> [Work instructions] From the data underneath, reproduce exactly the stretch that begins at the line with "5/1~5 SHINAGAWA GRAND" and ends after the line with "Invoxia Voice Bridge".

(Recorded data)
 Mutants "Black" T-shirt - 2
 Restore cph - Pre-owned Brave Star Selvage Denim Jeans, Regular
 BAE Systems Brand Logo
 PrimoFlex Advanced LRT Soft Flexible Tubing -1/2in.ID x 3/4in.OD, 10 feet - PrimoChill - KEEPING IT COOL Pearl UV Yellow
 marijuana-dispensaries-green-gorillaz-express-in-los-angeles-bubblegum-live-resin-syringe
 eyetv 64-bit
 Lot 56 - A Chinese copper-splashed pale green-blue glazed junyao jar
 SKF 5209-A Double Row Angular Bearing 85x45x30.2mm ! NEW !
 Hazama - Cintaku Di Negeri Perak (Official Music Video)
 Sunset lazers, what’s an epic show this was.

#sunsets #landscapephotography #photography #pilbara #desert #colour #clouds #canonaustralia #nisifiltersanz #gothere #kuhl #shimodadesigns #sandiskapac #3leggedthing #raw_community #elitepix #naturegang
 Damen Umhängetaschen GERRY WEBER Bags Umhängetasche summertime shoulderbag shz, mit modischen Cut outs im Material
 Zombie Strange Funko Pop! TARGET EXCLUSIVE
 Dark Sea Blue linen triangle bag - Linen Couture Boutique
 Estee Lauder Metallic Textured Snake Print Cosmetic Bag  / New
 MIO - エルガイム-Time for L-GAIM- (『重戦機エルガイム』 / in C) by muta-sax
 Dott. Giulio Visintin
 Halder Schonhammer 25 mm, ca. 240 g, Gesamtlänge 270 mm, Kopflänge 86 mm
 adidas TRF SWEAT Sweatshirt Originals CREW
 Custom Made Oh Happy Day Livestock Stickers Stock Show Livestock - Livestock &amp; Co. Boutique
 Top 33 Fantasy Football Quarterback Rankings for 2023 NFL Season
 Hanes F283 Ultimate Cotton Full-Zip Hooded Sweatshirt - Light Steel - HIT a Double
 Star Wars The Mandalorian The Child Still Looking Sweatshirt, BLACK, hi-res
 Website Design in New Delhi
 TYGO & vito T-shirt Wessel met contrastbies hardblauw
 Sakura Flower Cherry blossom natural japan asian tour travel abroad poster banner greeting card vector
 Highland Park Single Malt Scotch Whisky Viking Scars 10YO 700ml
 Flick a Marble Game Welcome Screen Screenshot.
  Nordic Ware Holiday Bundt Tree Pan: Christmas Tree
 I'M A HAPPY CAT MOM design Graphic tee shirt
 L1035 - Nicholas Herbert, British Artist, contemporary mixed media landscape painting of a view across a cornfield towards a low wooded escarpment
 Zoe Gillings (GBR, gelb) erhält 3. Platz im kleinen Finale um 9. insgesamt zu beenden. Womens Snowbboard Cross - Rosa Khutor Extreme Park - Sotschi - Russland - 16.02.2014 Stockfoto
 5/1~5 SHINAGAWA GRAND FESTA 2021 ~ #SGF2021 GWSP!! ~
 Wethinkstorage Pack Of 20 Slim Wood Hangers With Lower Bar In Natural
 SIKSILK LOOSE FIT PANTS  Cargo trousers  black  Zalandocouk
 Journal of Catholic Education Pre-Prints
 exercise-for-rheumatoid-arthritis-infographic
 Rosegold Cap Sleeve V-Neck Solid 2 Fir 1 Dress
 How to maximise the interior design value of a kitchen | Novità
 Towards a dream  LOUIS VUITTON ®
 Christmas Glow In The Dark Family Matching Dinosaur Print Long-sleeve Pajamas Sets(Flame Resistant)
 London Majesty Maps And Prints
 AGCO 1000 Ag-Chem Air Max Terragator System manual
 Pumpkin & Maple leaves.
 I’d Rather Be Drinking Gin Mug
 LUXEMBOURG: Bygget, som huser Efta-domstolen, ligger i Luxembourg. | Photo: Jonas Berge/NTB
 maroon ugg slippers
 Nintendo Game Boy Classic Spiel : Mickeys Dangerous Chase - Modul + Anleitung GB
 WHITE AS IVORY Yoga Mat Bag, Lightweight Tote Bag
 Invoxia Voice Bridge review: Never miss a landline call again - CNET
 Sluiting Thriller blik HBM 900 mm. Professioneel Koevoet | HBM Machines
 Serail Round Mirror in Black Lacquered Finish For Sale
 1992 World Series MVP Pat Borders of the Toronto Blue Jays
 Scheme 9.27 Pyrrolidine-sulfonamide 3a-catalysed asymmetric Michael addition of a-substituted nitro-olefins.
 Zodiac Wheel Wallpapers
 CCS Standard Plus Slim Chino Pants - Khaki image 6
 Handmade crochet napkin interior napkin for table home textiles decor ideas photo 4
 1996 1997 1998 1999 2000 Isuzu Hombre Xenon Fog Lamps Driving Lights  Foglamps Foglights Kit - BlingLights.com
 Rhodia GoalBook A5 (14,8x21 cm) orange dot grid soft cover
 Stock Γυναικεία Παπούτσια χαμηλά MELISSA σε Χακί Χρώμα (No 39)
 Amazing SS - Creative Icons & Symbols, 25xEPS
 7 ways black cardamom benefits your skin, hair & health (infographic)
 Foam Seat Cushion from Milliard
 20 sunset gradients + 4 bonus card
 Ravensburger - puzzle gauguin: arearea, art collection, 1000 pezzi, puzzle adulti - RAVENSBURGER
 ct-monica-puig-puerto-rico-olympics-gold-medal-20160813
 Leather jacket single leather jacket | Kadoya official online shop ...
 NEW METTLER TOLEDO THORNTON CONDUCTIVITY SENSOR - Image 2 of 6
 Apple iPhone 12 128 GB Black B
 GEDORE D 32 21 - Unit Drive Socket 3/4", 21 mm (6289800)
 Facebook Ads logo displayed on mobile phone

> [Exercise answer]
 5/1~5 SHINAGAWA GRAND FESTA 2021 ~ #SGF2021 GWSP!! ~
 Wethinkstorage Pack Of 20 Slim Wood Hangers With Lower Bar In Natural
 SIKSILK LOOSE FIT PANTS  Cargo trousers  black  Zalandocouk
 Journal of Catholic Education Pre-Prints
 exercise-for-rheumatoid-arthritis-infographic
 Rosegold Cap Sleeve V-Neck Solid 2 Fir 1 Dress
 How to maximise the interior design value of a kitchen | Novità
 Towards a dream  LOUIS VUITTON ®
 Christmas Glow In The Dark Family Matching Dinosaur Print Long-sleeve Pajamas Sets(Flame Resistant)
 London Majesty Maps And Prints
 AGCO 1000 Ag-Chem Air Max Terragator System manual
 Pumpkin & Maple leaves.
 I’d Rather Be Drinking Gin Mug
 LUXEMBOURG: Bygget, som huser Efta-domstolen, ligger i Luxembourg. | Photo: Jonas Berge/NTB
 maroon ugg slippers
 Nintendo Game Boy Classic Spiel : Mickeys Dangerous Chase - Modul + Anleitung GB
 WHITE AS IVORY Yoga Mat Bag, Lightweight Tote Bag
 Invoxia Voice Bridge review: Never miss a landline call again - CNET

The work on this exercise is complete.